BSO finds the luscious and the bold in Rachmaninov's 2nd Symphony

October 08, 1994|By Stephen Wigler | Stephen Wigler,Sun Music Critic

In David Zinman's Russian repertory, few works loom as large as Rachmaninov's Second Symphony. This huge piece appeared frequently in the BSO music director's programming in his tenure in Rochester in the '70s and '80s, it's one of the pieces that often accompanies him when he guest conducts and he has programmed it regularly in his years with the Baltimore Symphony Orchestra, with whom he has made a fine recording for the Telarc label.

No surprise, therefore, that the Rachmaninov No. 2 will be one of the BSO's tour pieces during its monthlong visit to the Far East. And no surprise, either, that Zinman and the orchestra gave a lovely performance of the piece last night in Meyerhoff Hall.
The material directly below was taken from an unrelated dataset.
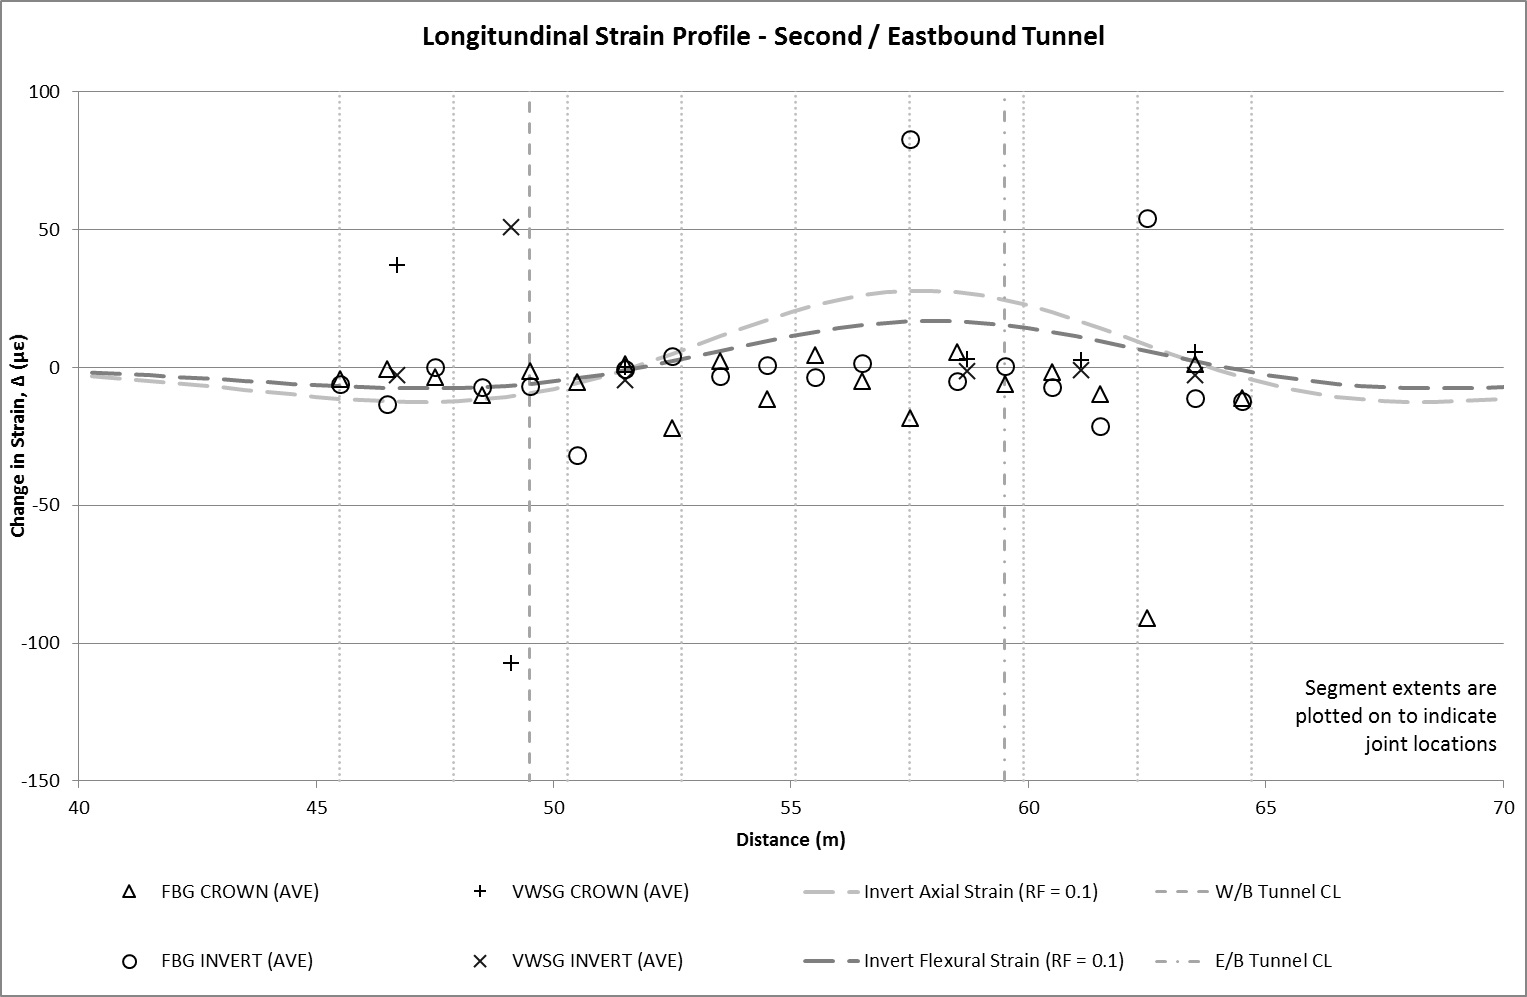 Figure 13b - Longitudinal strain profile after second / eastbound tunnel construction

There was a moment or two in the first movement where one felt that the performance went on too long -- but that was the composer's fault, not the conductor's. The second movement was terrific. There was an urgent cat-like tread in its outer sections. And in the contrasting middle section, the sense of motion never faltered; the accuracy of the BSO's string section in Rachmaninov's difficult swirling figures never faltered.

Conductor and orchestra met the challenge of the sentimental third movement with with a full emotional throttle. This was a performance of unembarrassedly luscious sighs. And in the hyperactive final movement, the conductor let the music have its head without losing his. This was Zinman at pretty near his best, shaping phrases with care, building momentum inexorably and intelligently and finally letting the coda explode with strength and optimism and without a sense of strain.

The playing of the orchestra in the Rachmaninov was beautiful, as it was in Copland's "El Salon Mexico, which opened the program.

To these ears, however, the latter was a less successful performance. If this piece is to work, it has to have a certain casual languor: the conductor must always be aware of the wayward Latin dance pulse. But Zinman's performance was driving, rather than dancing. The rhythm should be loose and inviting, not tight and unyielding.

The conductor's precise rhythm was put to better use in Stravinsky's "Firebird Suite." There are more romantic and colorful ways than Zinman's with this music; but this was a well-played -- particularly by the BSO's lower brass -- and coherently shaped performance that led relentlessly to the tremendous climax, executed brilliantly by the orchestra.